Is CHCH newsroom now operated by ‘related employer?’

Newsroom staff suddenly let go from their jobs at a Hamilton, Ont., television station may still be able to get severance from their former employer even though it declared bankruptcy.

In what is a Dickens’-like storyline, on Dec. 11, about 130 full-time and 40 part-time employees of CHCH TV were let go. Just two weeks before Christmas, Channel 11 LP announced it was declaring bankruptcy. It held the collective agreement with the newsroom employees and when bankruptcy occurs it triggers termination of contracts and the trustee takes over.

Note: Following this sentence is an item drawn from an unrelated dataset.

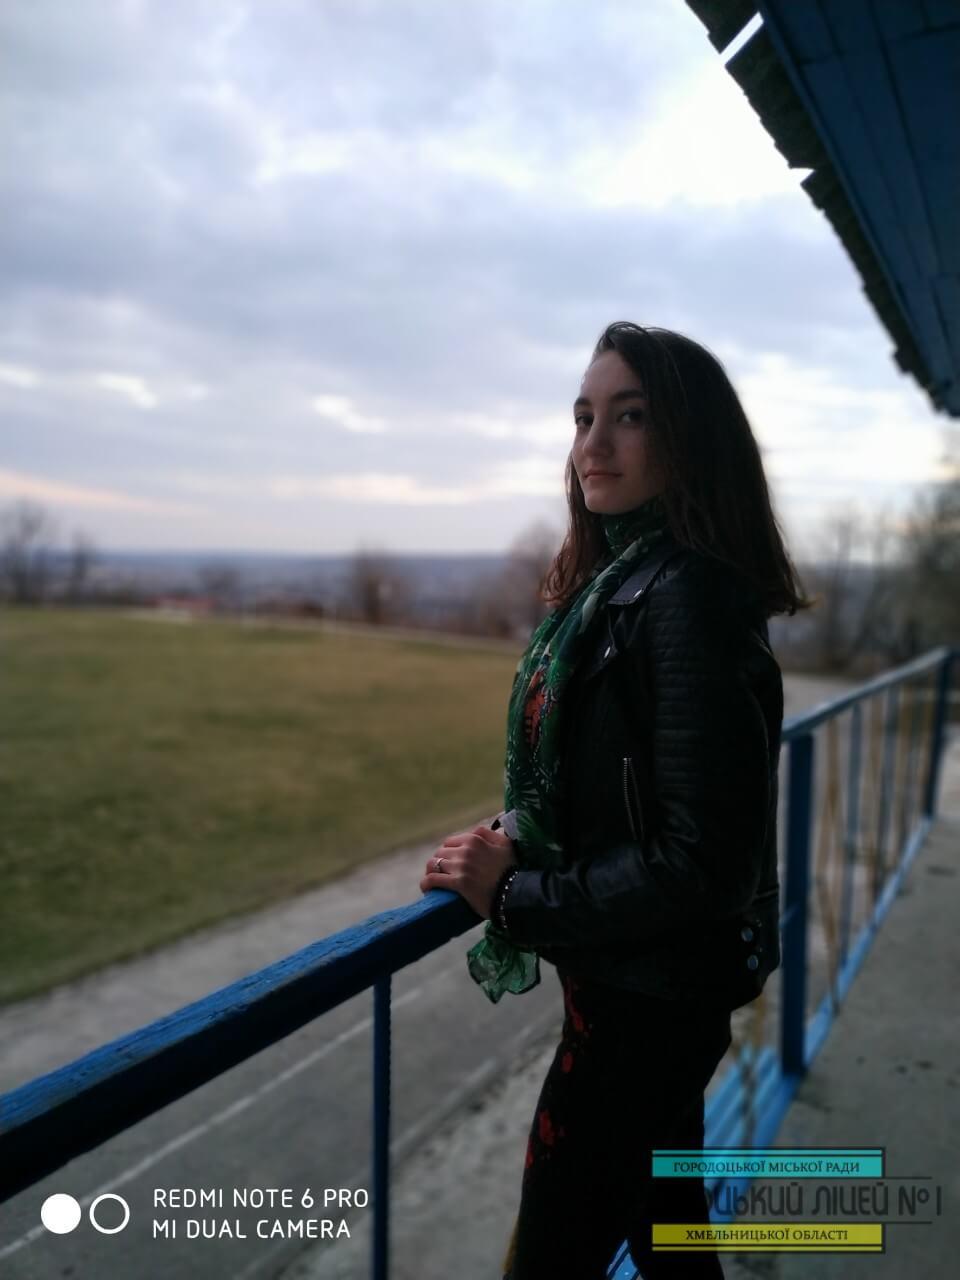 zobrazhennya viber 2019 05 16 09 47 32 - Швидше, вище, сильніше!

A subsidiary of parent company Channel Zero Inc., Channel 11 employed reporters and other staff who provided news content to the long-running TV station that serves Hamilton, Niagara, and Halton Region. All were unionized and included on-air personalities, camera operators, and others who were members of Unifor.

Almost as soon as the employees were let go, a private numbered company offered jobs to about 80 of the former news employees and the station resumed broadcasting. Many of those who were not asked back include long-time employees with many years of service — some close to retirement.

“The question is whether it’s a successor employer that has taken over the business,” says Danny Kastner, of Kastner Law. “They are required to respect all of the employment contracts of the former company — both the collective agreement as well as their statutory severance and termination obligations.”

On Dec. 15, the Toronto Star reported that an account manager for CHCH sent an e-mail to a prospective client indicating the restructuring would put an end to union representation at CHCH, freeing the station to bring on new talent. Kastner says that kind of “smoking gun” could serve to hurt the company further.

Kastner says under the governing labour legislation if even a tiny part of the reason for a termination or a company restructuring is anti-union animus that part will taint the entire decision and weigh into adjudicated deliberations as to whether there have been anti-union unfair labour pactices.

The union is also asking whether the company’s intention was to bust the union, but it is focused on the issue of whether the new entity is in fact a “successor employer.”

“The company has said publicly, and to us, that they in no way condoned or endorsed what that individual said, that it was an individual opinion,” says Liz Marzari, Unifor’s national representative assigned to the union employees from CHCH.

Marzari says Unifor is taking the position that the newly formed company is a successor employer and that the collective agreement applies in the new workplace.

“We continue to represent those members and we’re giving serious consideration to all of our legal avenues,” says Marzari.

The union met with the company Dec. 16 and will be meeting with it again in two weeks.

Last week, Channel Zero issued a statement saying that when the station was acquired in 2009, funding for local TV programming was available along with national advertising revenue, but that had changed dramatically.

CHCH is a federally regulated business governed by the Canada Labour Code. The union could also file an unfair labour practice complaint arguing the restructuring was motivated by the desire to rid itself of the union.

“We’re looking at a filing with the CIRB [Canada Industrial Relations Board] as well as any grievances that may apply,” says Marzari.

“I have never seen anything quite like this involving a broadcast business that has subcontracted out the news content portion of the business and only that portion of the business that has gone bankrupt. It certainly smells like a continuing employer,” says Tom McRae, of Shibley Righton LLP. “It’s going to be a colossal factor here.”

McRae says that issue of successor employee should be determined by the appropriate labour relations tribunal, given a Supreme Court of Canada decision in 2006 in GMAC Commercial Credit Corp. Canada v. TCT Logistics Inc. that indicated it is a tribunal that should determine whether an entity is a continuing employer not a bankruptcy judge.

The problem with looking at the new numbered company as a successor to Channel 11 LP is that a successorship involves a sale of assets from a business, says Dan Shields, of Shields O’Donnell MacKillop LLP.

“They might well say this new company didn’t take possession of any of those assets. It’s just a new company that hired people that is now providing services and whatever assets are required to be a news-gathering organization are still within the Channel 11 limited partnership because they are to be resolved on the bankruptcy,” says Shields.

Marzari says those employees who agreed to go work for the newly formed company did not sign new contracts, just a letter that stated they would return to work. She says the company acknowledged that in signing that the employees were not waiving their rights to any settlement or waiving any union rights.

“It would have been better for our members and the community if they had come to the union and had a frank discussion before they took this step of filing bankruptcy — that to a certain extent has tied everybody’s hands,” she says.

It may ultimately come down to an explanation for the actions and whether a court will believe the TV station did what it did for proper and reasonable purposes.

“If it walks like a duck, quacks like a duck, is yellow like a duck, it’s hard to say it’s a turkey,” says civil litigation specialist Jacqueline King of Shibley Righton LLP. “I think they’re going to have an uphill battle convincing a court if there’s not proper explanations for the actions, if there isn’t proper evidence.”

Update: This version of the story clarifies comments from Danny Kastner.